Jon Costanzo, costanjp@muohio.edu

Projects in Vertebrate Cryobiology

The historical view that ectothermic vertebrates cannot survive exposure to subzero body temperatures was challenged within the last quarter century by demonstrations of extensive supercooling and freeze tolerance in various amphibians and reptiles. A growing literature suggests that freeze tolerance and/or supercooling, a phenomenon in which a solution remains unfrozen at temperatures at or below its equilibrium freezing/melting point, are crucial elements in the cold hardiness strategies of certain temperate, boreal, and subarctic species of amphibians and reptiles.

 

Natural Freeze Tolerance

About a dozen species of amphibians and reptiles are known to tolerate the freezing of their tissues under thermal and temporal conditions that mimic frost exposure in nature (i.e., slow cooling to relatively high subzero temperatures).
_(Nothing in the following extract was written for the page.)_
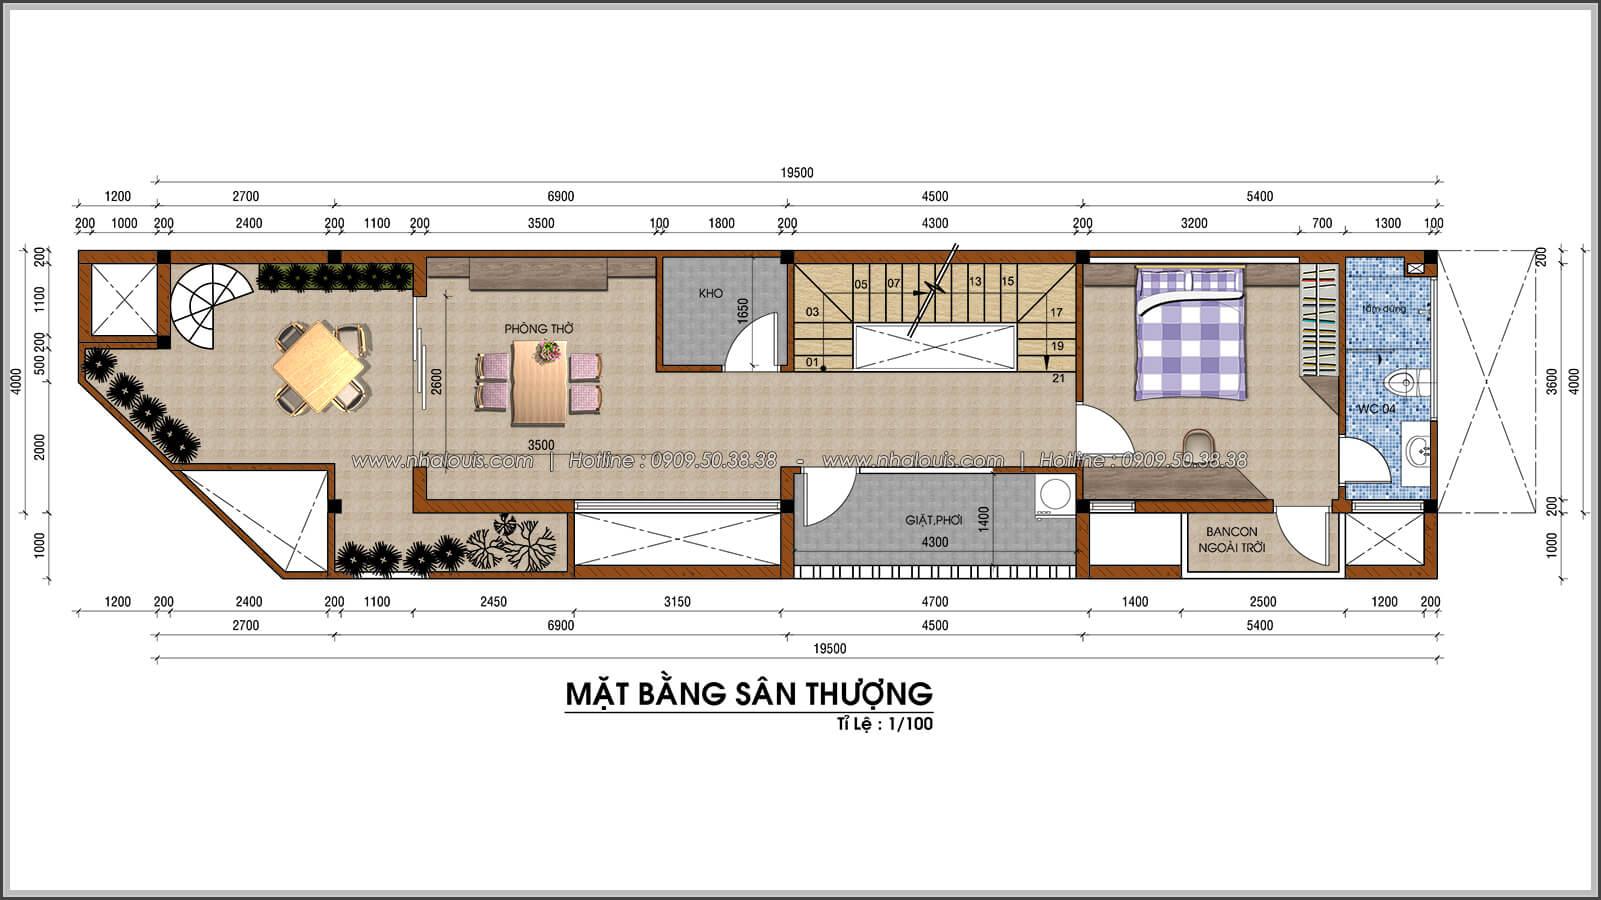 Mặt bằng sân thượng thiết kế nhà 2 mặt tiền độc đáo KDC Nam Long quận 7 - 07

Some species survive freezing at temperatures as low as -6°C and endure freezing episodes lasting more than a month. Fully-frozen animals, in which up to 65-70% of the body fluid has become ice, appear dead - muscle contraction, heartbeat, and breathing have completely ceased. The frozen tissues become depleted of oxygen and the cellular energy status declines sharply. Remarkably, these animals arouse after thawing and can soon resume normal physiological and behavioral functions. Freeze tolerance is promoted by special physiological adaptations, including an accumulation of certain cryoprotective compounds, a redistribution of bulk water within the body, and an innate tolerance of cells to dehydration.

 

Freeze Avoidance by Supercooling

Contrary to what is taught in the elementary chemistry classroom, water does not necessarily freeze at its so-called freezing point of 0°C. In fact, small volumes of pure water may be chilled nearly 40 degrees below 0°C before they spontaneously freeze. The capacity of a solution to "supercool" diminishes with increasing volume, which is why large animals cannot depend on supercooling for freeze avoidance. Also, supercooled solutions are metastable and will freeze instantly if brought into contact with ice crystals or various ice nucleating agents, which catalyze the nucleation event. Freezing of a deeply supercooled animal is lethal, regardless of whether the species has evolved freeze tolerance, because the ice propagates rapidly throughout the body. Despite these limitations, supercooling is an important survival mechanism for some reptiles, including lizards and the neonates of several species of turtles that are exposed to subzero temperatures in nature.

 

Research Aims

Our long-term goal is to elucidate the physiological, ecological, and evolutionary determinants of vertebrate cold hardiness. We are particularly interested in the roles of supercooling and freeze tolerance in promoting overwintering survival and shaping the geographic ranges of northern amphibians and reptiles. Current understanding of the ecophysiological and evolutionary aspects of vertebrate cold hardiness is limited by gaps in our fundamental knowledge of the interactions between animals and their winter microenvironments. Wherever possible we take an integrated field and laboratory approach in our studies.